B1394
Title: Regression on lie groups: Application to estimation of positions of a mobile
Authors: Johan Aubray - ENAC (France) [presenting]
Florence Nicol - ENAC (France)
Stephane Puechmorel - Ecole nationale de l'aviation civile (France)
Abstract: The problem of estimating the position of a mobile, such as a drone, from noisy position measurements is addressed. To model the motion of a rigid body, rather than considering trajectories in the state space as is usually done in functional data analysis, the framework of differential geometry is used. More precisely, the trajectory of the mobile is modelled as a Lie group-valued curve. The relevant Lie group for poses of a rigid object happens to be the special Euclidean group SE(n), with $n = 2$ or 3. A parametric framework is placed which extends linear regression in an Euclidean space to geodesic regression in a Riemannian manifold.

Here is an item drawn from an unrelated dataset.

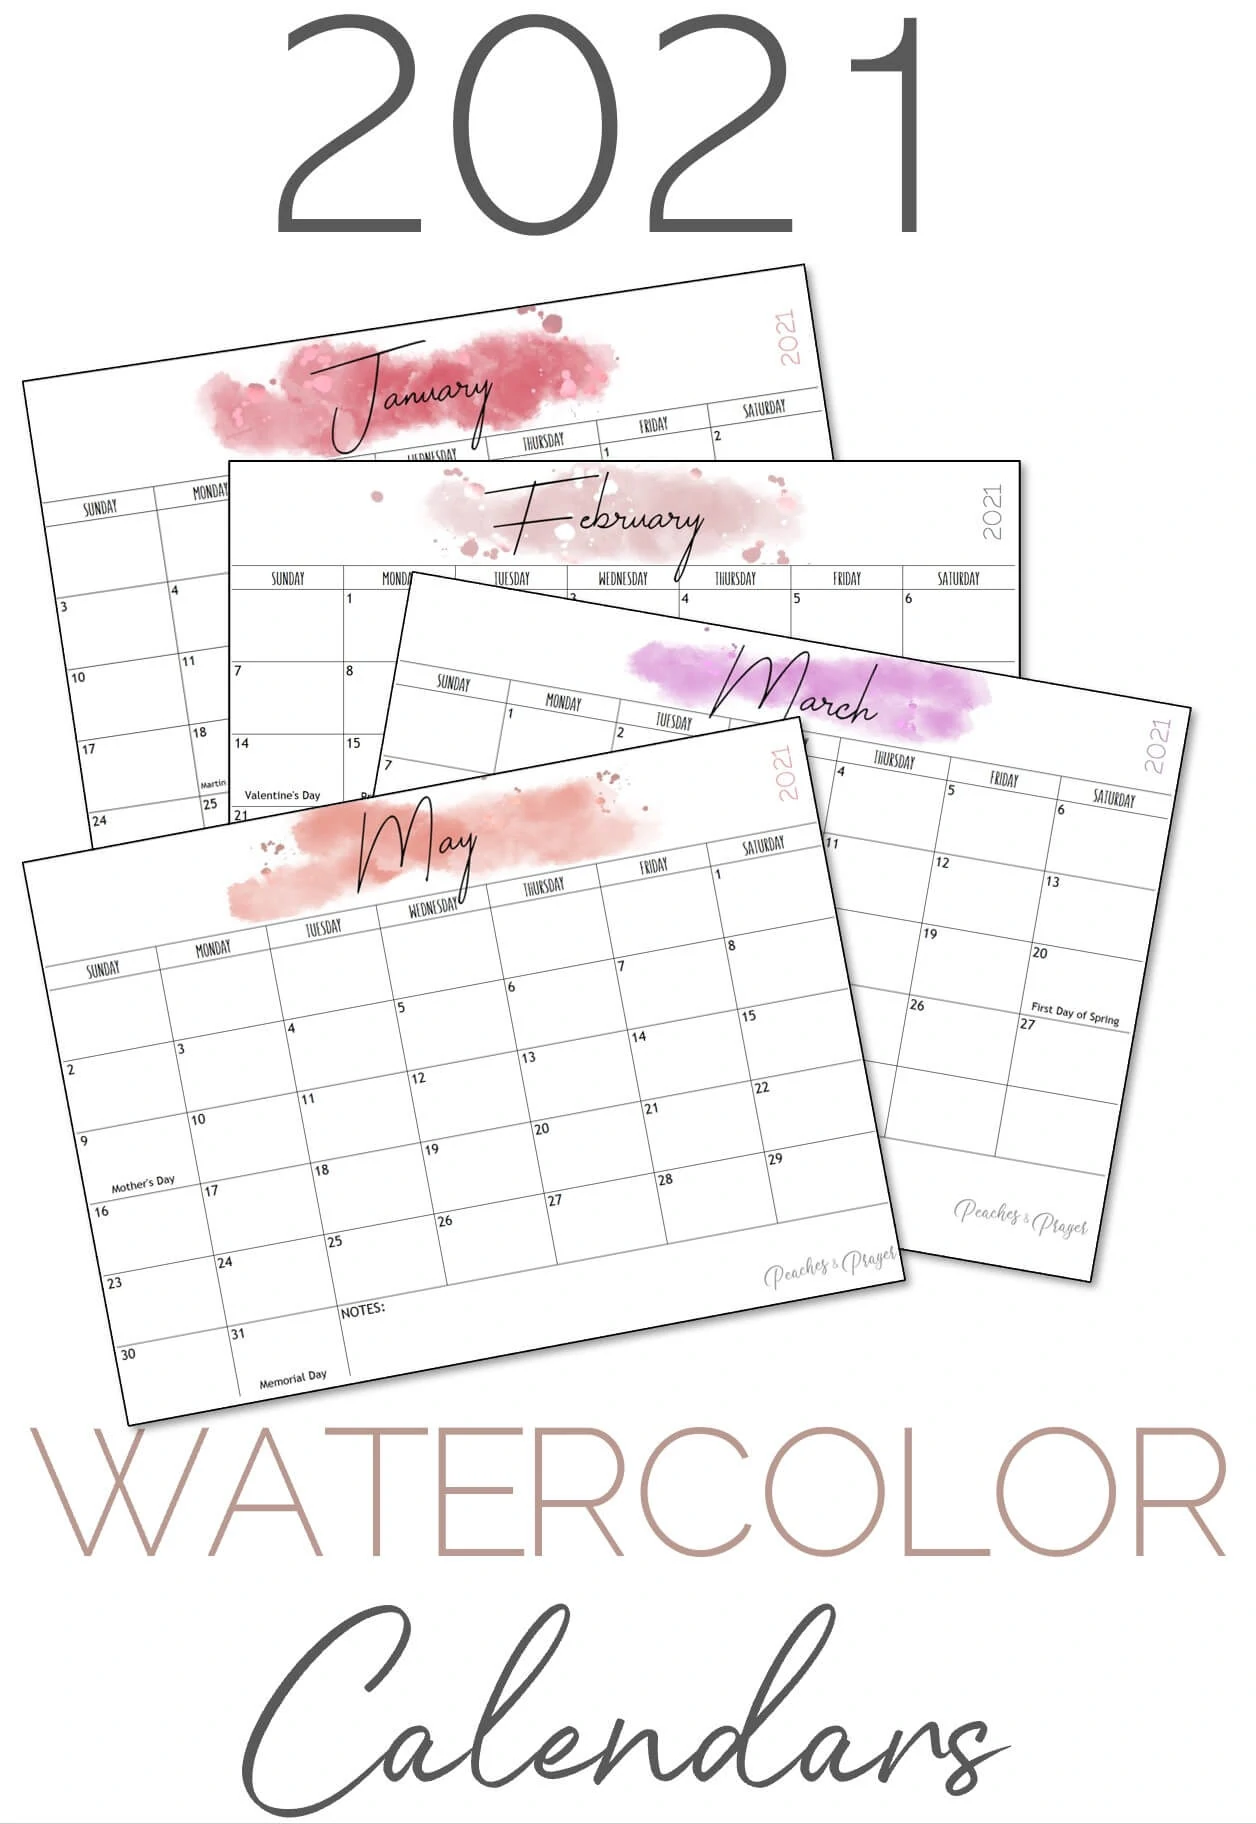 2021 Watercolor Calendars

This method was later extended to higher-order polynomials on Riemannian manifolds and explicitly written in SO(3). Based on this approach, the goal is to implement this technique in the Liegroup SE(3) context. Given a set of noisy points in SE(3) representing measurements on the trajectory of a mobile, one wants to find the geodesic that best fits those points in a Riemannian least squares sense. A more general mathematical formulation is established by using differential forms. Finally, applications to simulated data are shown. The limitations of such a method and future perspectives are discussed.